Blum & Poe is pleased to present a concise survey of 13 works by Yun Hyongkeun (1928-2007), one of the leading figures of Tansaekhwa, the monochrome painting movement that redefined Korean art starting in the mid-1960s. This is Yun's first solo exhibition with the gallery and his first posthumous solo presentation in North America.
The Tansaekhwa artists variously soaked canvas, pushed paint, dragged pencils, ripped paper, and otherwise manipulated the materials of painting in ways that questioned the terms by which the medium was known.
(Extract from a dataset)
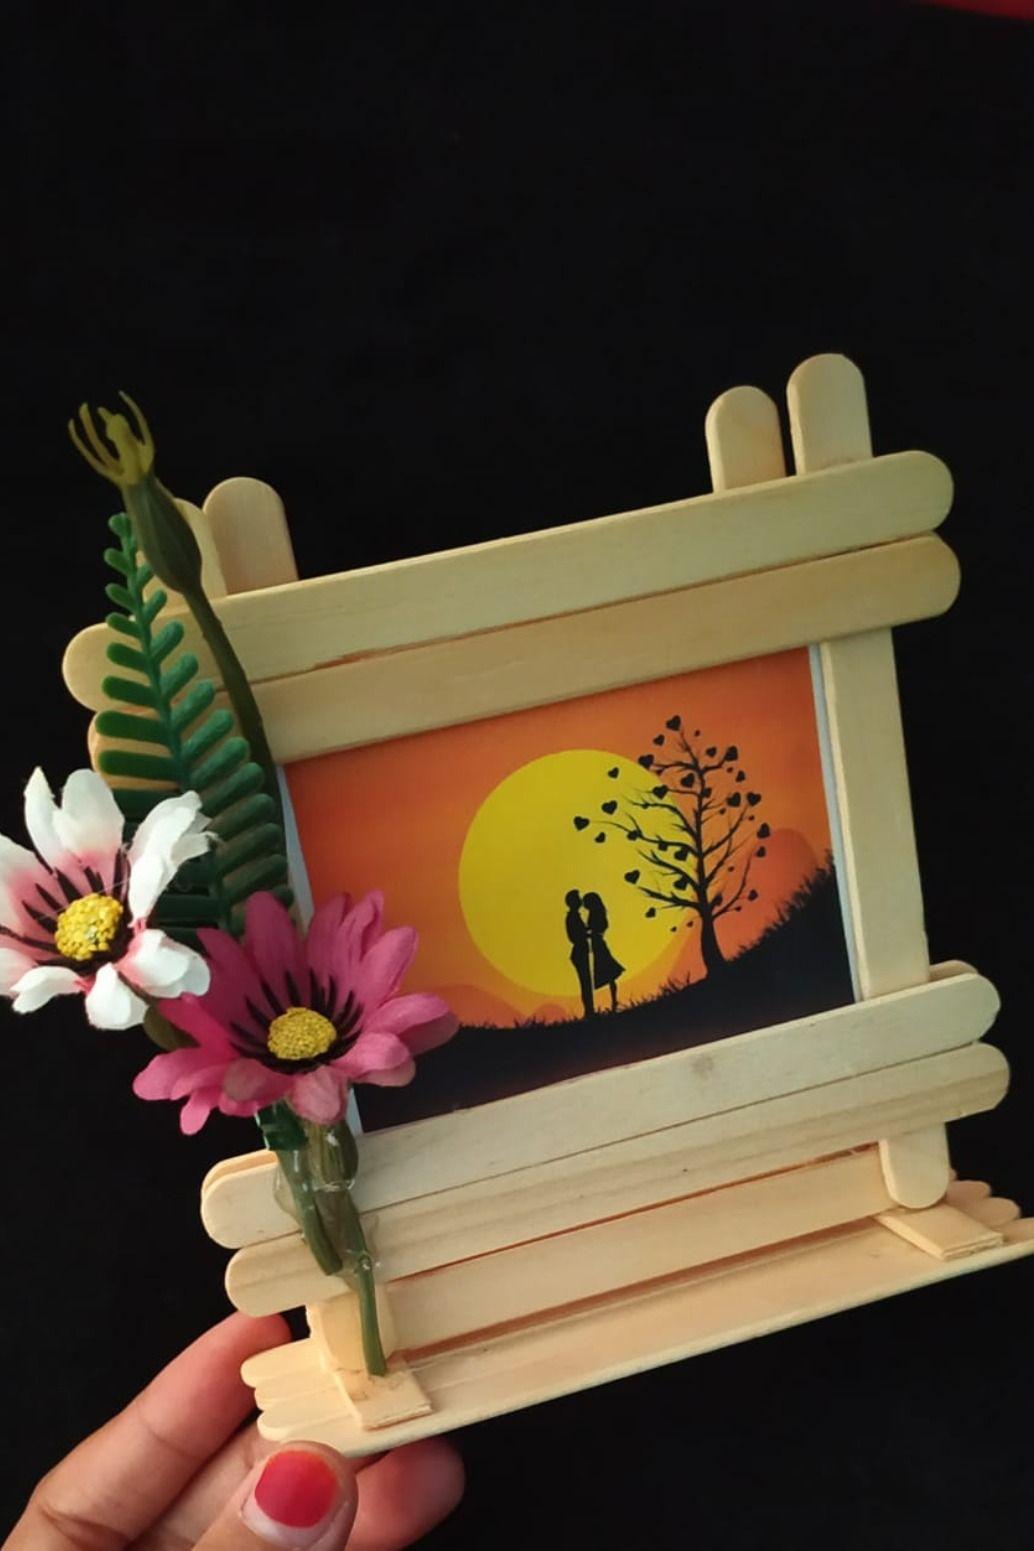 Popsicle Stick Frame Kreatif Wallpaper Ponsel Minion Ide Dekorasi Frame dari stik es krim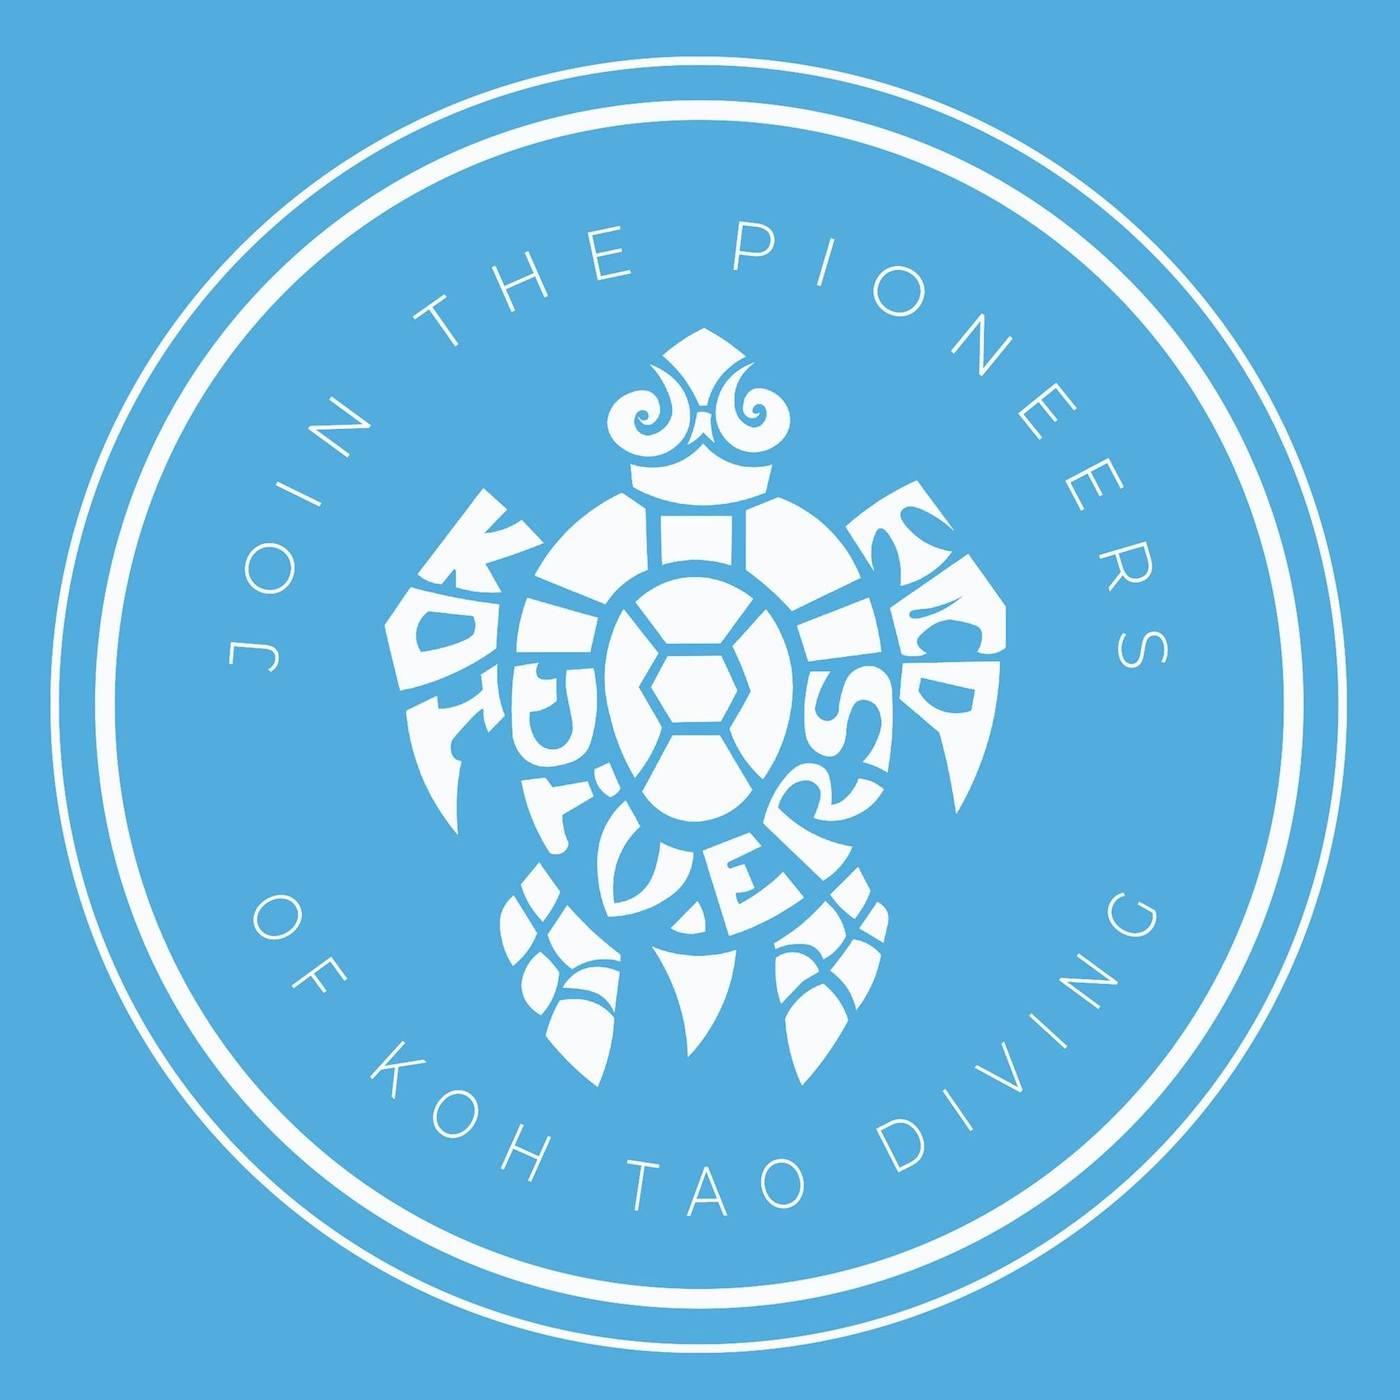 Koh Tao Divers Logo

One of the most important and successful artistic movements of 20th-century Korea, Tansaekhwa was promoted in Seoul, Tokyo, and Paris, quickly becoming the globally recognized face of contemporary Korean art.
From the beginning of the 1970s, Yun produced his distinctive Umber Blue series. Straddling the division between ink and oil painting, these abstractions are neither geometric nor gestural. Restricting his palette to umber and ultramarine, Yun diluted the paint with turpentine and allowed it to wash over the canvas, layering it over days, weeks or months to create intense fields of darkness. Each layer of pigment seeped into the fibers at a different rate, resulting in blurred edges along the unmarked expanses of canvas. In the 1990s, these boundaries gradually became more defined, eventually sharpening into hard edges in the final decade of the artist's life.
This exhibition has been organized in collaboration with the Estate of Yun Hyongkeun and PKM Gallery, Seoul.